On 18th August, 2015 the 1st respondent called the claimant for a disciplinary hearing and where he attended with commissioners prevent but the complaint was not present. The letter of dismissal issued by the 2nd respondent was therefore personal and not from the employer. The claimant has continued to receive pay slips with zero pay which means he is still an employee of the 1st respondent. no letter terminating employment has been issued by the 1st respondent and thus seek reinstatement and compensation as set out in the memorandum of claim.
1strespondent
The 1st respondent’s case is that as established under Article 237 of the Constitution it has the mandate to manage teachers employed for service in public schools and to exercise discipline.

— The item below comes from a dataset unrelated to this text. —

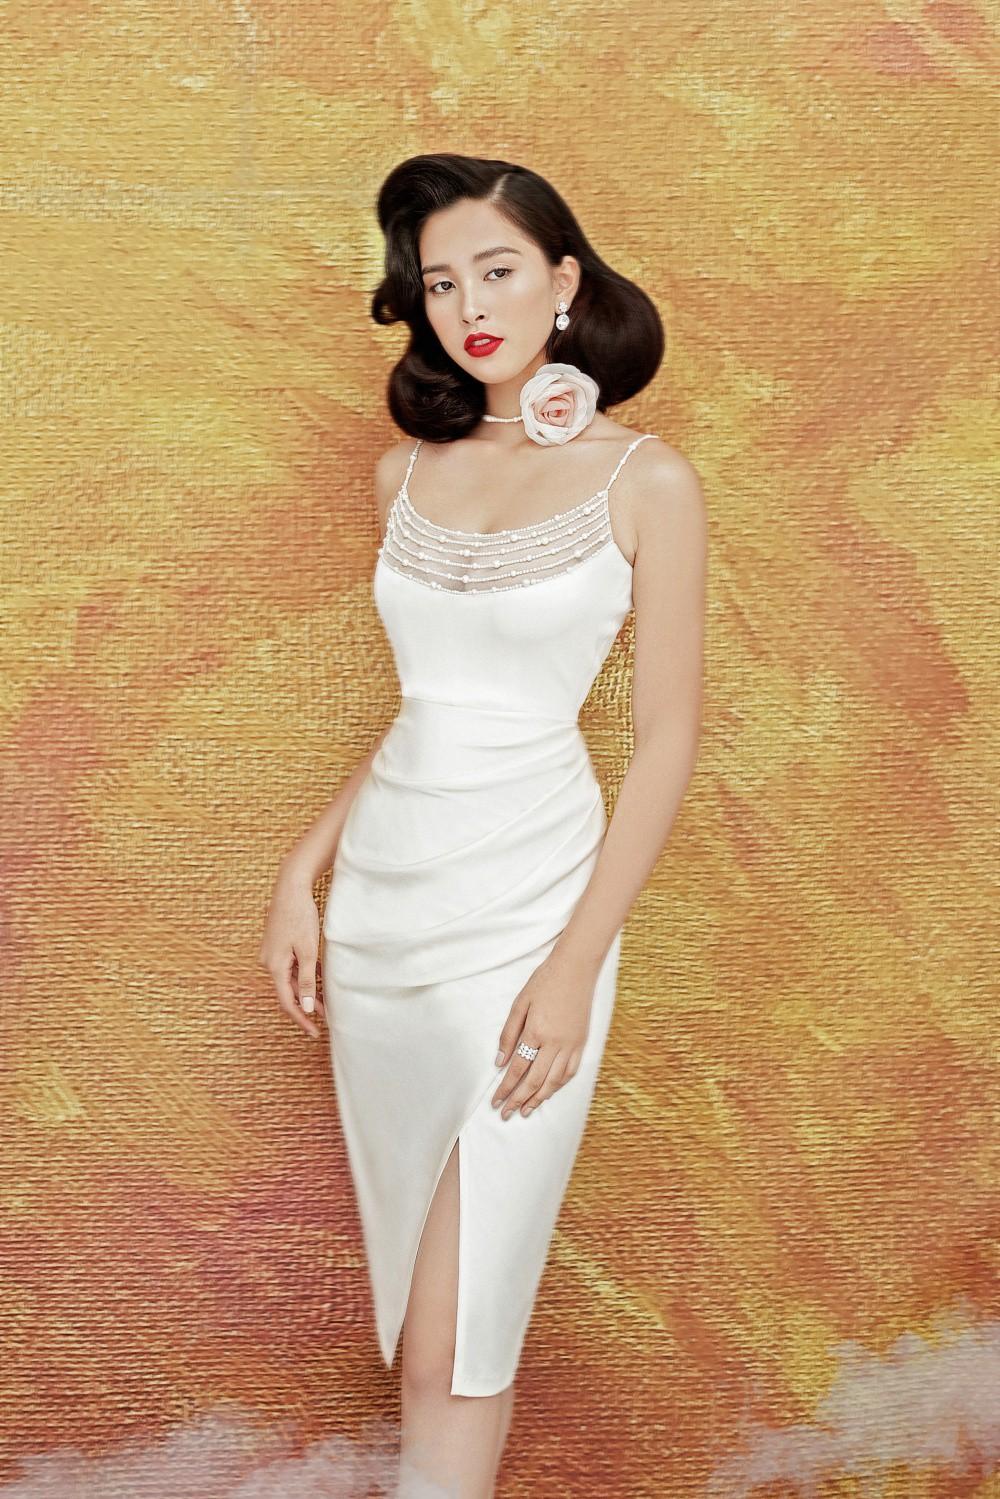 Không thể nhận ra đây là mỹ nhân 10x Trần Tiểu Vy sau nửa năm đăng quang Hoa hậu Việt Nam 2018 - Ảnh 5.

Such is to ensure teachers and employees under the commission uphold high standards of integrity and professional ethics under the Public Officers’ Ethics Act and the attendant Codes of Conduct and Ethics.
The defence is also that the claimant was employed by the 1st respondent on 9th June, 1998 as a trained diploma technical teacher III and posted to WECO to teach accounts/business education. The claimant was subject to the Teachers Service Commission Act, the Code of Regulations for Teachers, the TSC Code of Conduct and Ethics, the Employment Act and other administrative policy guidelines issued from time to time by the 1st respondent or its authorised agents.
The claimant was transferred to the 2nd respondent on or about 16th December, 2004.
In August/September 2014 the principal of the 2nd respondent received complaints from a parent and three students alleging that the claimant had collected monies from them in the pretext of assisting the students to register for examinations. The complaints were received from;
Gabriel Simiyu;
Edwin Koech;
Situma M George; and
Alice Likuyani, a parent to Shirley Shitikha.
The students alter discovered that they had not been registered for the examinations as promised by the claimant. The claimant admitted to these allegations vide his letter dated 12th October, 2016 and where he was given 7 days to repay the monies to the affected persons. By letter dated 3rd November, 2014 the claimant responded to the 2nd respondent letter which he indicated that he paid back monies with respect of Alice Likuyani being Ksh.33,000. 00.
On 13th October, 2014 the claimant had not made good the refunds of monies he had fraudulently obtained from the students. He was invited to attend before the governing council of the 2nd respondent to answer to charges of defrauding students. The claimant attended before the governing council on 14th October, 2014 and was given an opportunity to defend himself. He was interdicted to be able to respondent within 21 days and in the letter the claimant was advised of his right to give defence.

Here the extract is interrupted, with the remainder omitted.